Collected data entries:
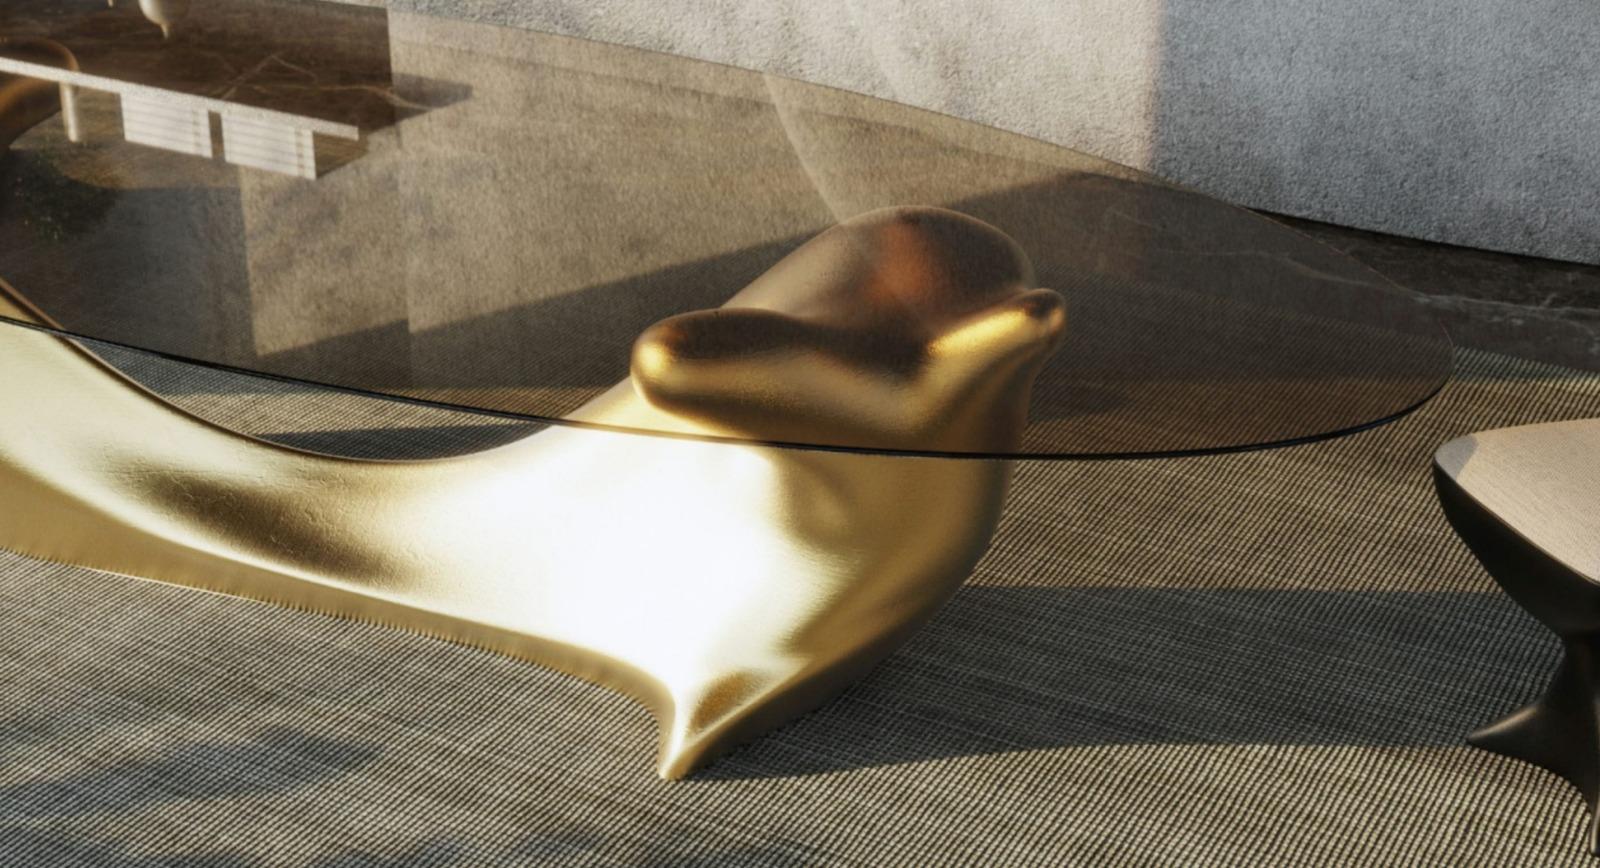 New Design DINING TABLE  Gold Leaf Base, Bronze Glass Top

Dimensions:
350 x 140 x 75 cm
137.8 x 55.1 x 29.5 in
Seats:
10 to 12

A true statement piece that embodies grandeur and elegance. Featuring a large bronze glass top, this table commands
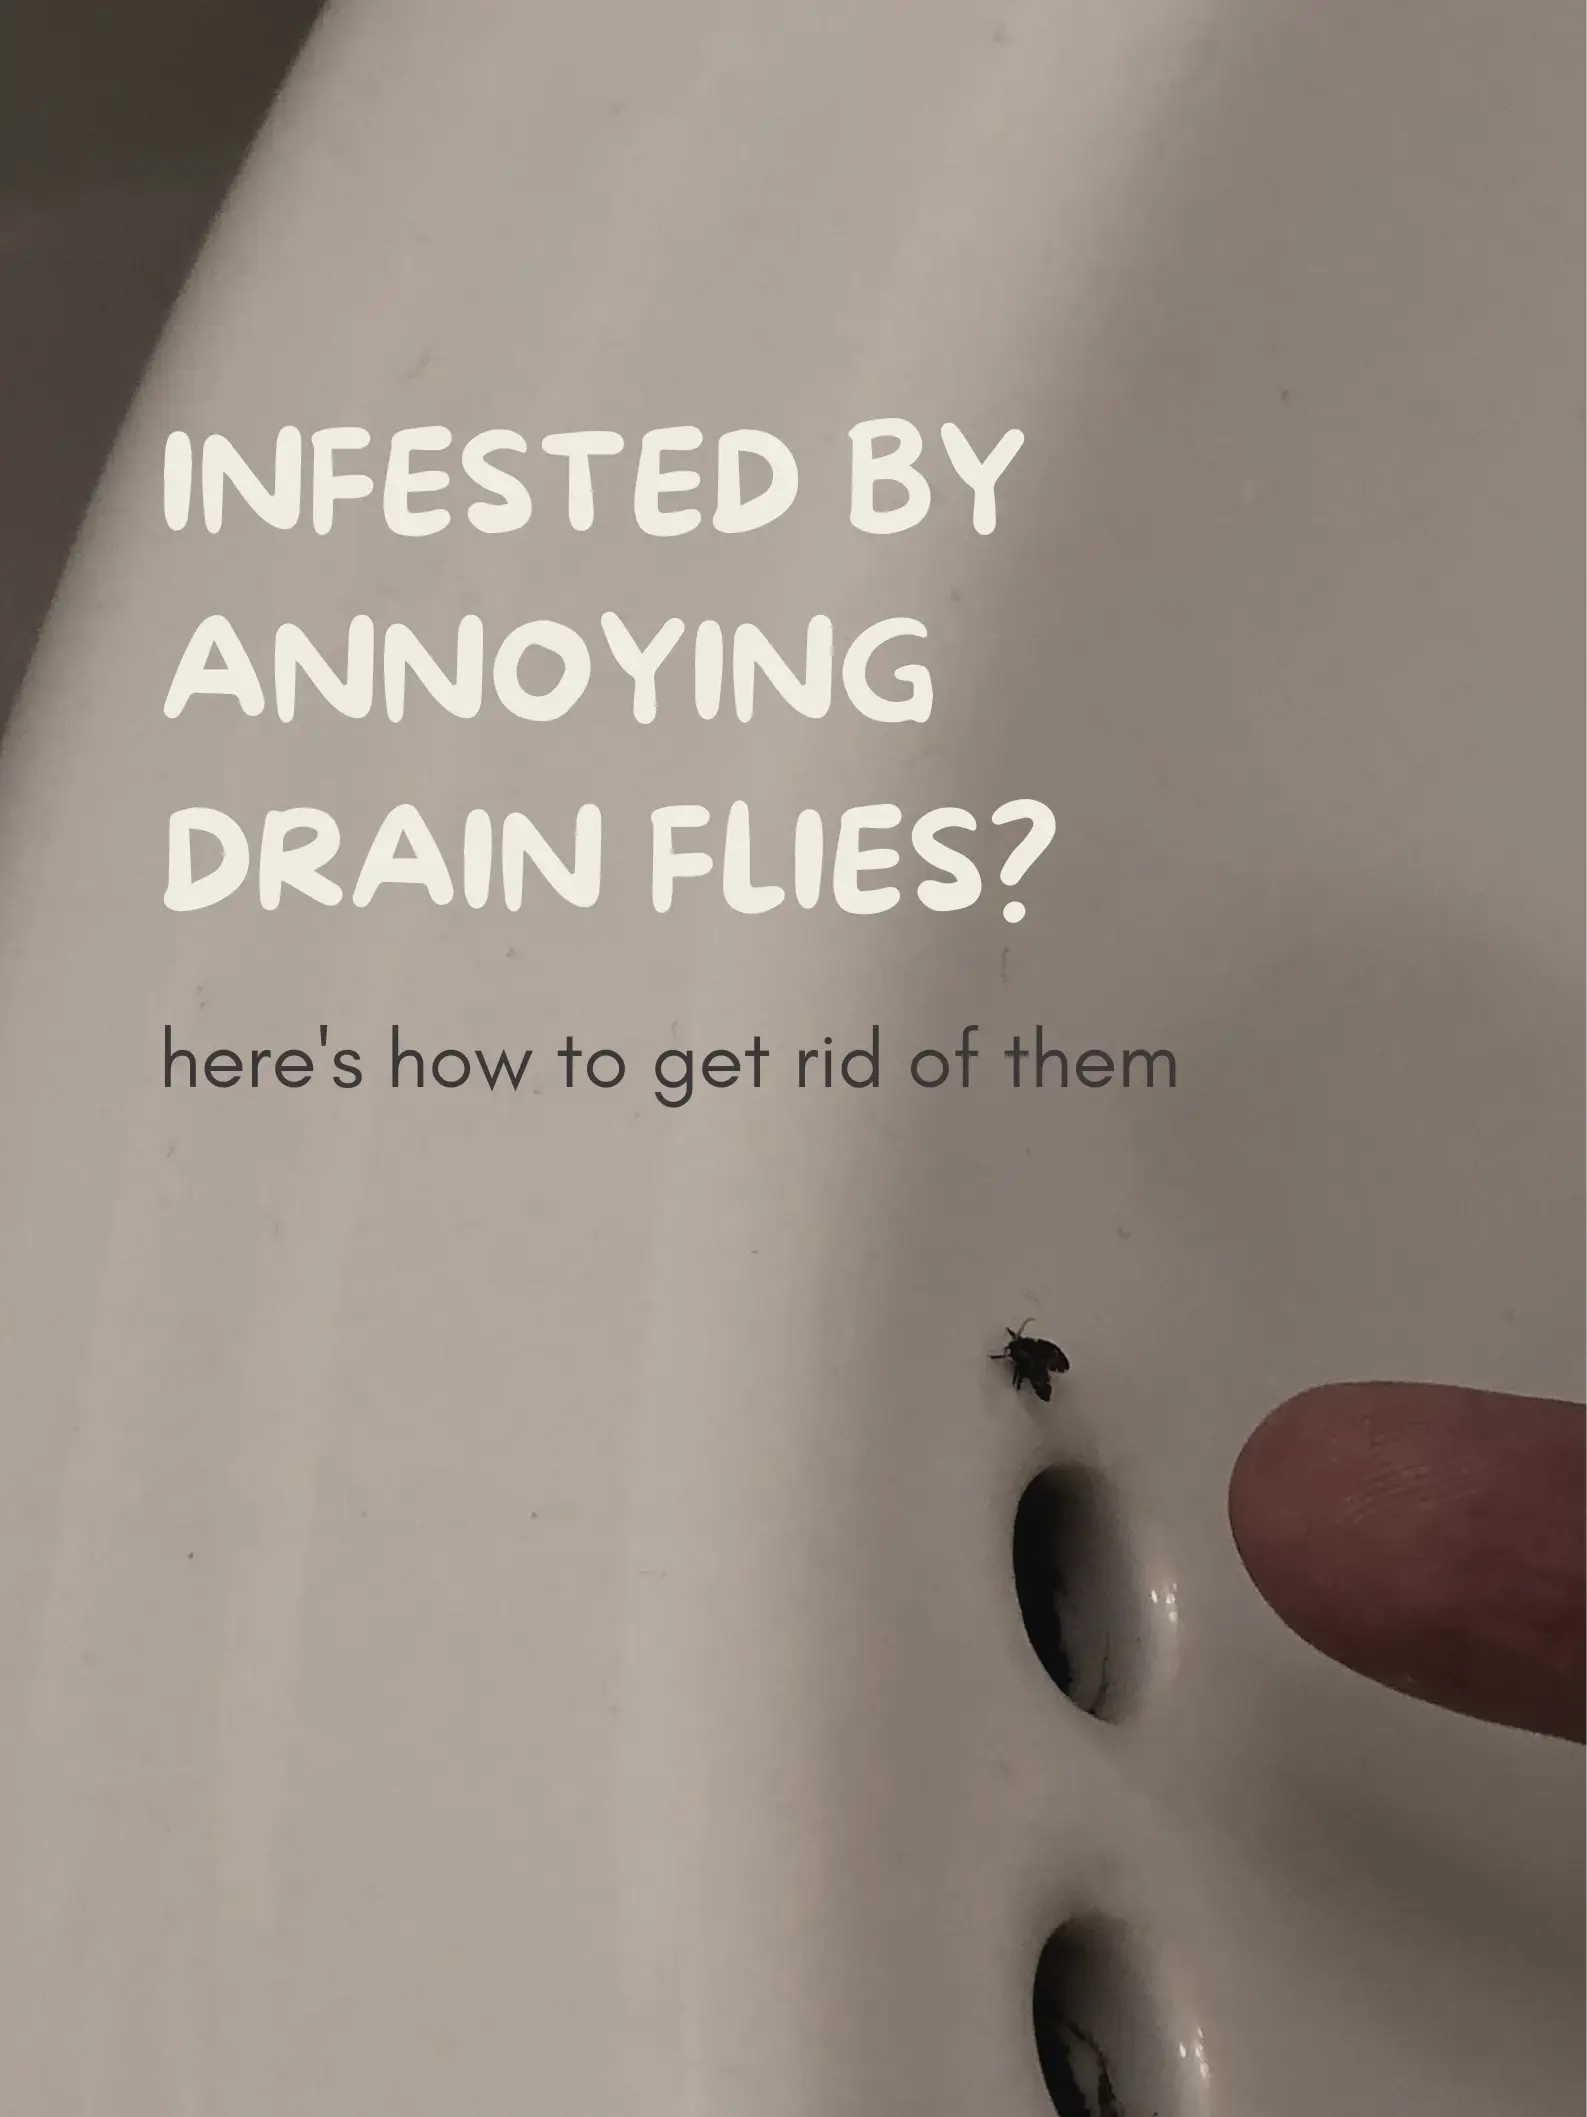 unfiltered thoughts on diy pest control what we really think

- Task -
In your copy, restate the data above word for word but leave out any picture.

- Reply -
 New Design DINING TABLE  Gold Leaf Base, Bronze Glass Top

Dimensions:
350 x 140 x 75 cm
137.8 x 55.1 x 29.5 in
Seats:
10 to 12

A true statement piece that embodies grandeur and elegance. Featuring a large bronze glass top, this table commands
 unfiltered thoughts on diy pest control what we really think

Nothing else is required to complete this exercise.